Departments of Anesthesiology and Pathology & Laboratory Medicine, University of Wisconsin, Madison, WI, USA.
Transfus Med Rev. 2024 Jul;38(3):150834. doi: 10.1016/j.tmrv.2024.150834. Epub 2024 May 7.
Hemoglobin-based red blood cell transfusion (RBC) triggers do not clearly identify which patients with moderate anemia (hemoglobin 7-10 g/dL) will benefit from RBC transfusion. The National Heart, Lung, and Blood Institute has recognized the need for bedside oxygenation measures to enhance transfusion decision-making. This narrative review uses four studies to explore the potential of the oxygen extraction ratio (OER)-the ratio of consumed oxygen to delivered oxygen in a critical tissue bed as a more physiologically relevant indicator for guiding RBC transfusions in patients with moderate anemia. The aim of this review is to present existing data on the relationship between OER and responsiveness to RBC transfusion, as well as the feasibility of OER as bedside measure of tissue oxygenation. This review presents a narrative appraisal of three critical papers that investigate the relationship between OER and transfusion outcomes, and one paper that demonstrates proof-of-concept for a noninvasive device to measure OER at the bedside. Despite limitations in the existing studies, including small sample sizes and observational designs, the evidence collectively suggests that OER has the potential to enhance transfusion decision accuracy. The development of noninvasive measurement devices could facilitate widespread implementation in many kinds of care settings.

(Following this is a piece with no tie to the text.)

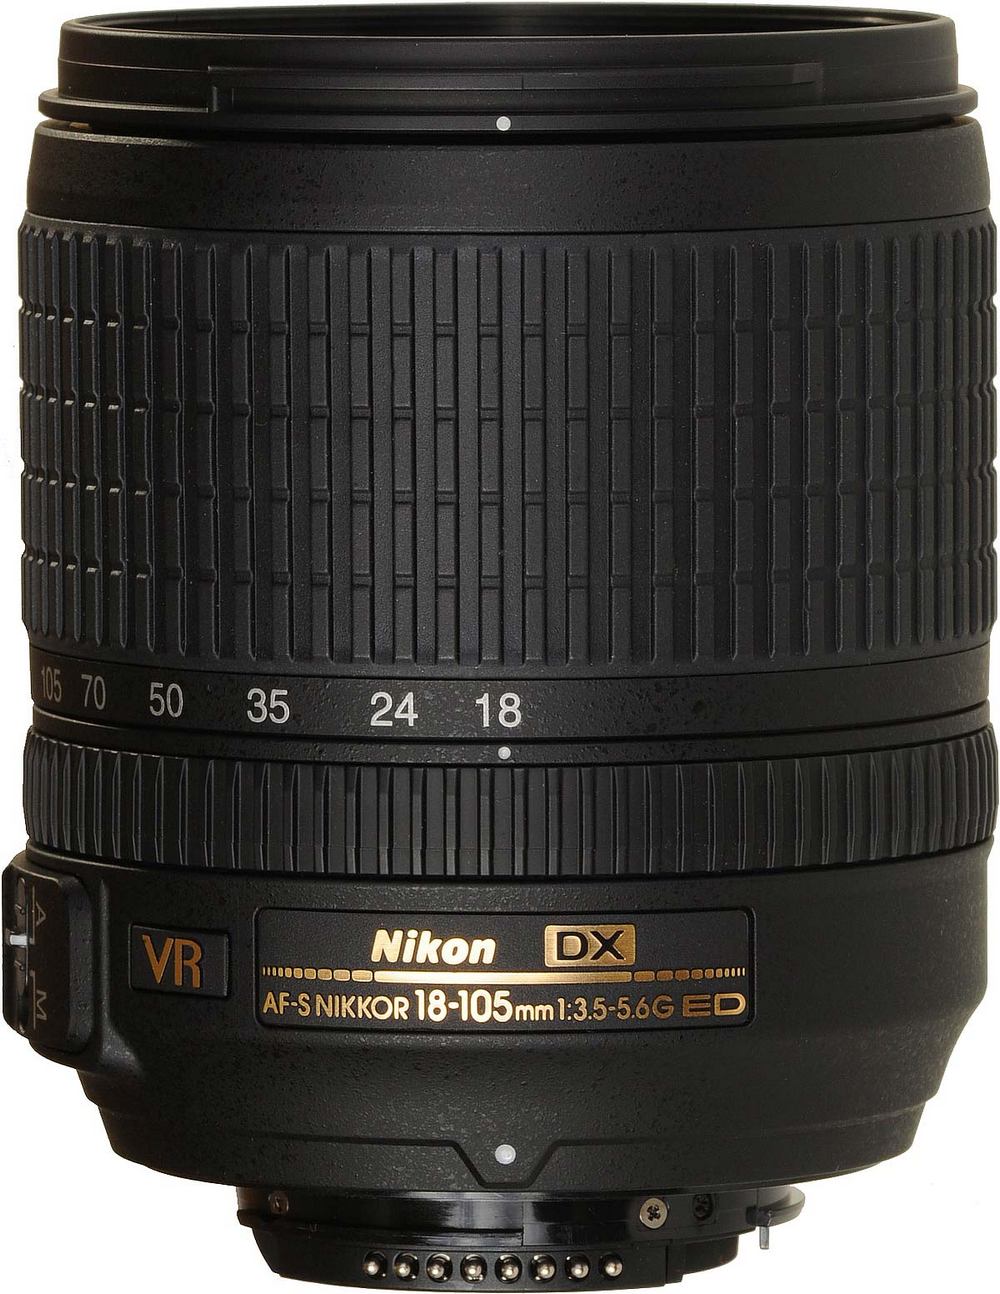 18 105mm f 4. Nikon 18-105mm f/3.5-5.6g af-s ed DX VR Nikkor. Nikon DX af s Nikkor 18 105mm. Nikon DX af-s Nikkor 18-55mm 1:3.5-5.6g ed. Nikon 18 200mm VR.

血红蛋白基红细胞输血(RBC)触发因素并不能明确确定哪些中度贫血(血红蛋白 7-10 g/dL)患者将从 RBC 输血中受益。美国国家心肺血液研究所已经认识到需要床边氧合措施来增强输血决策。本叙述性综述使用四项研究来探讨氧摄取率(OER)的潜力,即关键组织床中消耗的氧气与输送的氧气的比率,作为指导中度贫血患者 RBC 输血的更具生理相关性的指标。本综述的目的是介绍现有数据,说明 OER 与 RBC 输血反应之间的关系,以及 OER 作为床边组织氧合测量指标的可行性。本综述对三篇探讨 OER 与输血结果之间关系的关键论文进行了叙述性评估,以及一篇证明床边测量 OER 的非侵入性设备的概念验证论文。尽管现有研究存在局限性,包括样本量小和观察性设计,但证据表明,OER 有可能提高输血决策的准确性。非侵入性测量设备的开发可能会促进在许多护理环境中广泛实施。